Artikel 40
40.1.1 Nadere eisen
Het bevoegd gezag kan, met inachtneming van de regels vervat in Hoofdstuk 2, bij het verlenen van een omgevingsvergunning voor bouwen, nadere eisen stellen ten aanzien van:
a. de plaatsing van hoofdgebouwen, bijgebouwen en aan- en uitbouwen en bijgebouwen ten opzichte van de perceelsgrens en ten opzichte van elkaar;
b. de dakhelling van hellende dakvlakken van gebouwen;
c. de plaatsing en vormgeving van bouwwerken, geen gebouwen zijnde.
40.1.2 Procedureregel
De in lid 40.1.1 bedoelde nadere eisen mogen slechts worden gesteld met het doel te voorkomen dat de belangen van derden worden geschaad of afbreuk wordt gedaan aan de doeleinden van het plan en met het oog op de bereikbaarheid van gebouwen, bouwwerken, geen gebouwen zijnde, en gronden in verband met calamiteiten.
40.2.1 Bestaande afstanden
Indien afstanden op de datum van de inwerkingtreding van dit plan meer dan wel minder bedragen dan ingevolge Hoofdstuk 2 is toegestaan, mogen de bestaande afstanden als maximaal respectievelijk minimaal toelaatbaar worden aangenomen.
40.2.2 Bestaande maten en hoeveelheden
In die gevallen dat hoogten, inhoud, aantal en/of oppervlakten van bestaande bouwwerken op de datum van de inwerkingtreding van dit plan meer of minder bedragen dan ingevolge Hoofdstuk 2 is voorgeschreven, mogen de bestaande maten en hoeveelheden als maximaal respectievelijk minimaal worden aangehouden.
40.2.3 Herbouw
In geval van herbouw is het bepaalde in lid 40.2.1 en 40.2.2 slechts van toepassing, indien de herbouw op dezelfde plaats of binnen het geldende bouwvlak plaatsvindt.

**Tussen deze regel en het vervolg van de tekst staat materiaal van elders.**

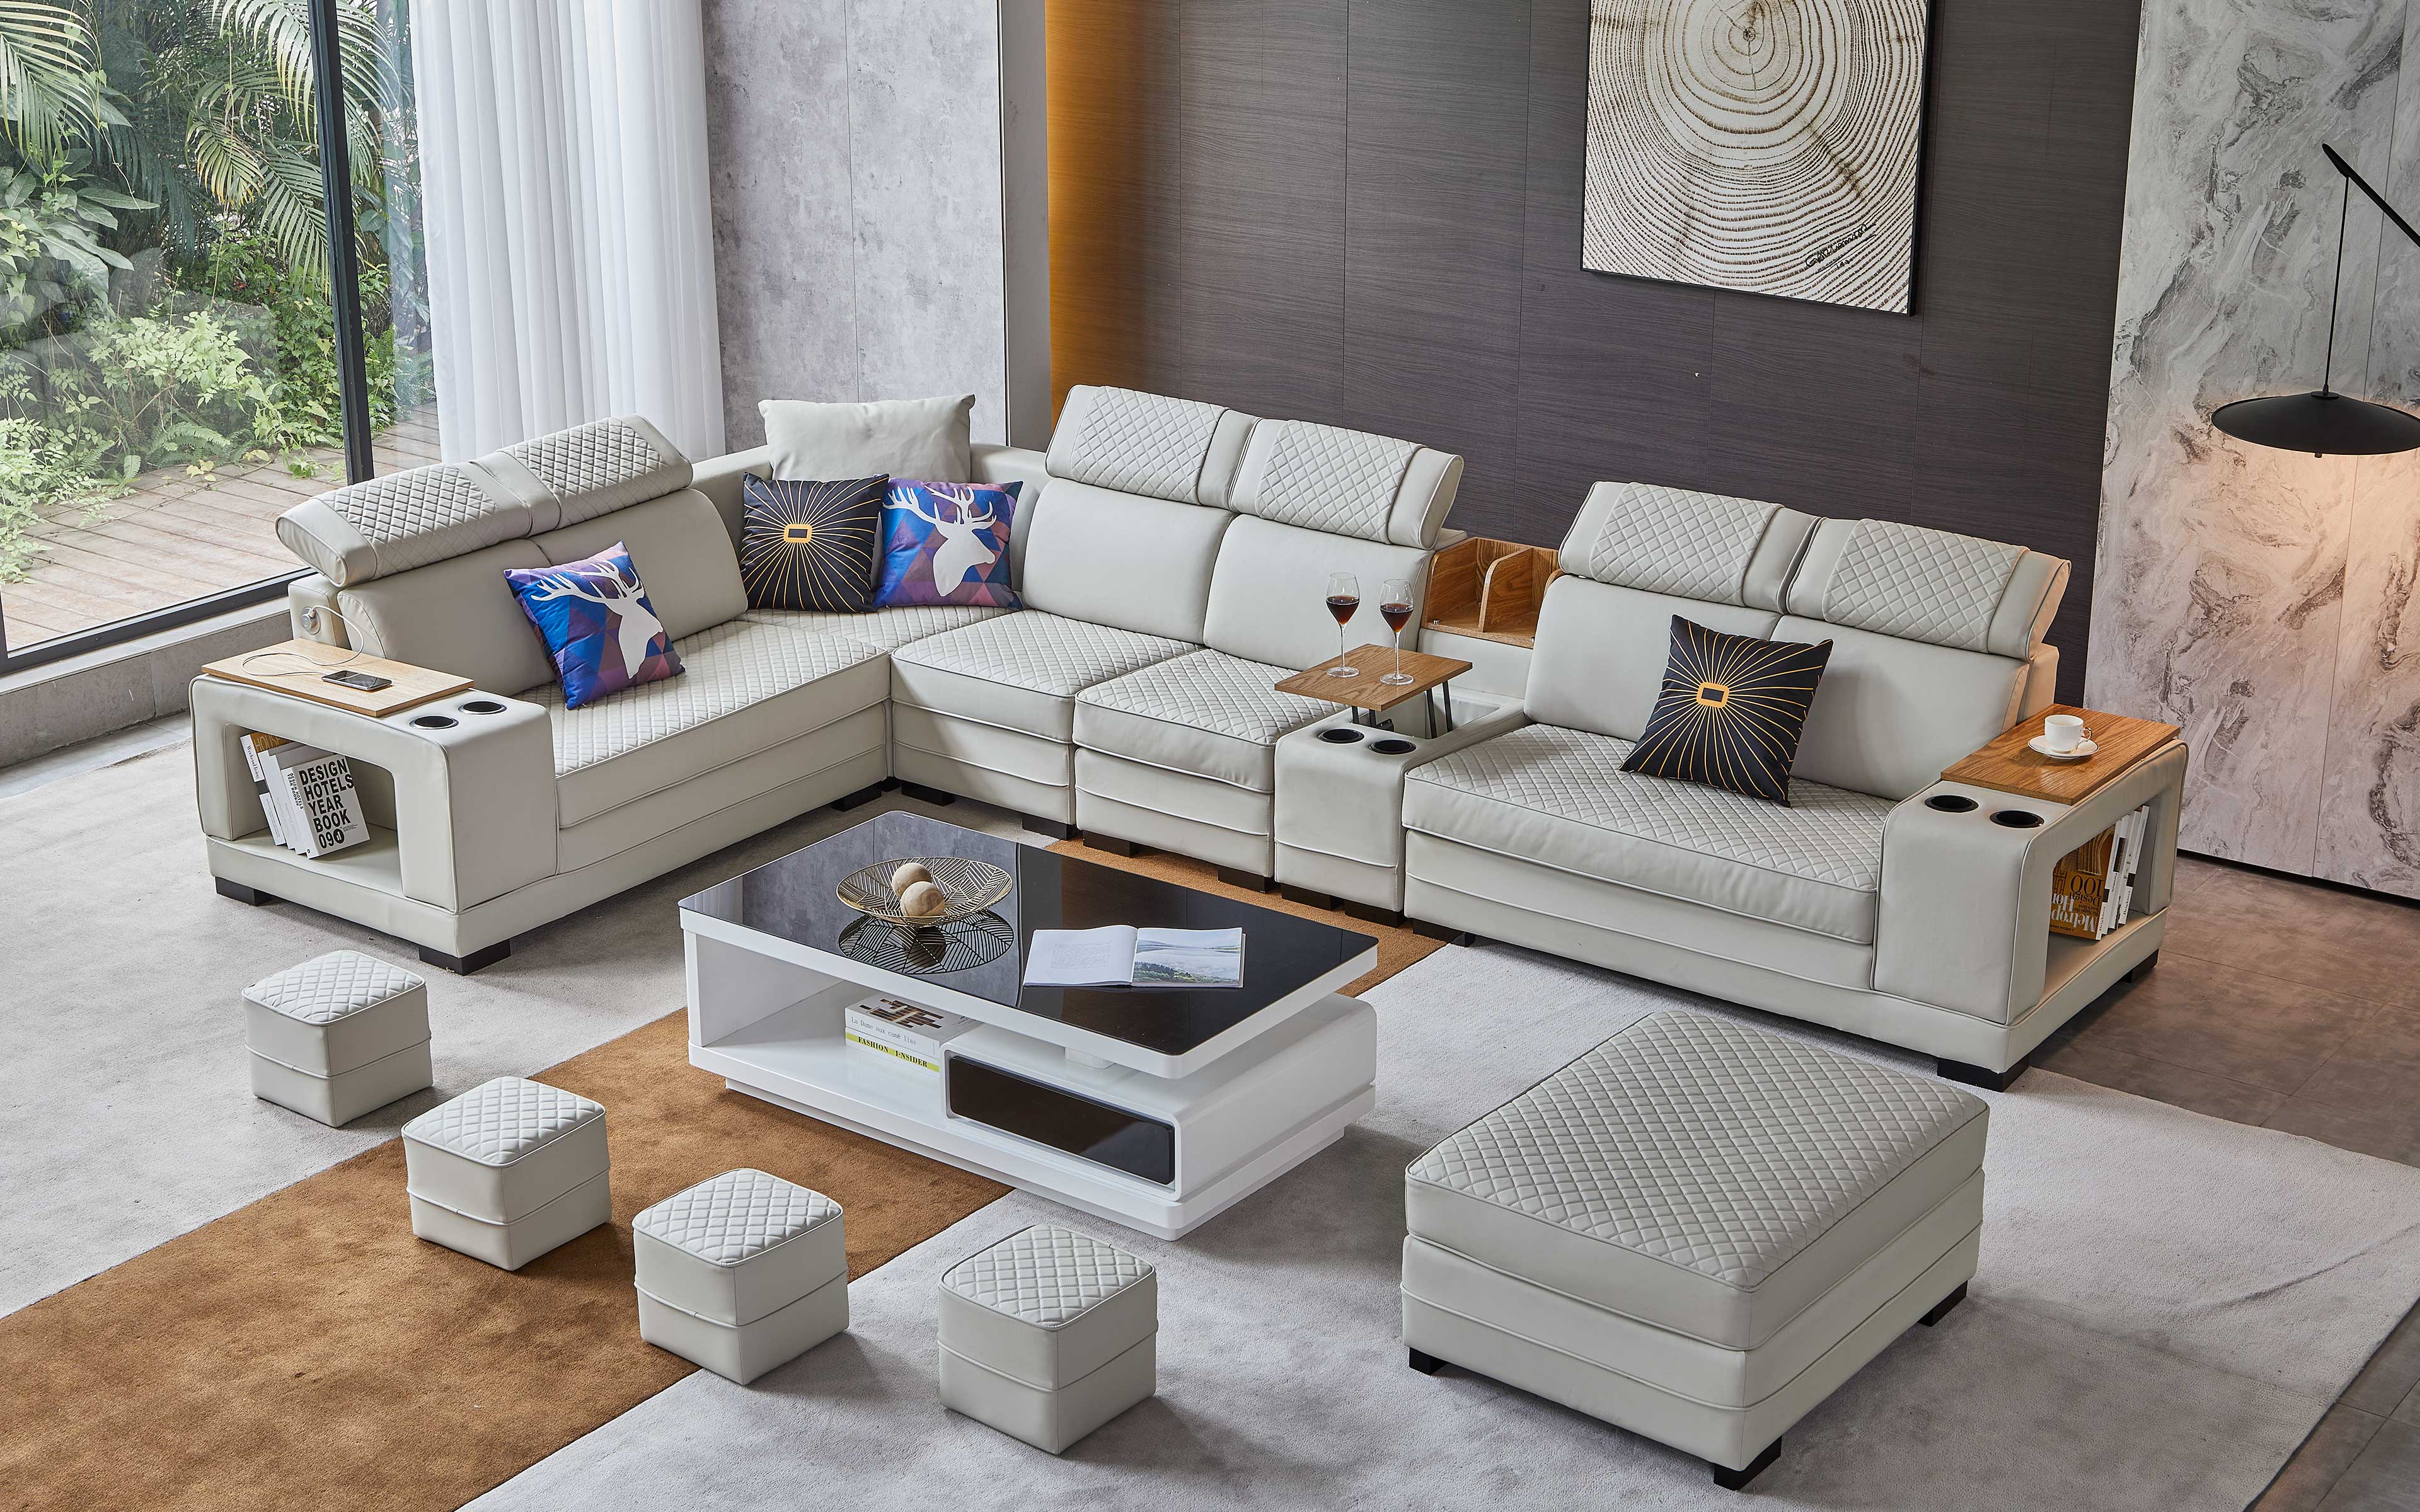 Apus Off-White Modular Tufted Sectional

De bouwgrenzen, niet zijnde bestemmingsgrenzen, mogen in afwijking van aanduidingsgrenzen, maatvoeringsaanduidingen en bestemmingsregels worden overschreden door:
a. tot gebouwen behorende stoepen, stoeptreden, trappen(huizen), galerijen, hellingbanen, funderingen, balkons, entreeportalen, veranda's en afdaken, mits de overschrijding niet meer dan 2,5 m bedraagt;
b. tot gebouwen behorende erkers en serres, mits de overschrijding niet meer dan 2 m bedraagt;
c. andere ondergeschikte onderdelen van gebouwen, mits de overschrijding niet meer dan 1,5 m bedraagt.
Ter plaatse van de ‘specifieke bouwaanduiding – rijksmonument’ is een (zijn) rijksmonument(en) op het perceel aanwezig.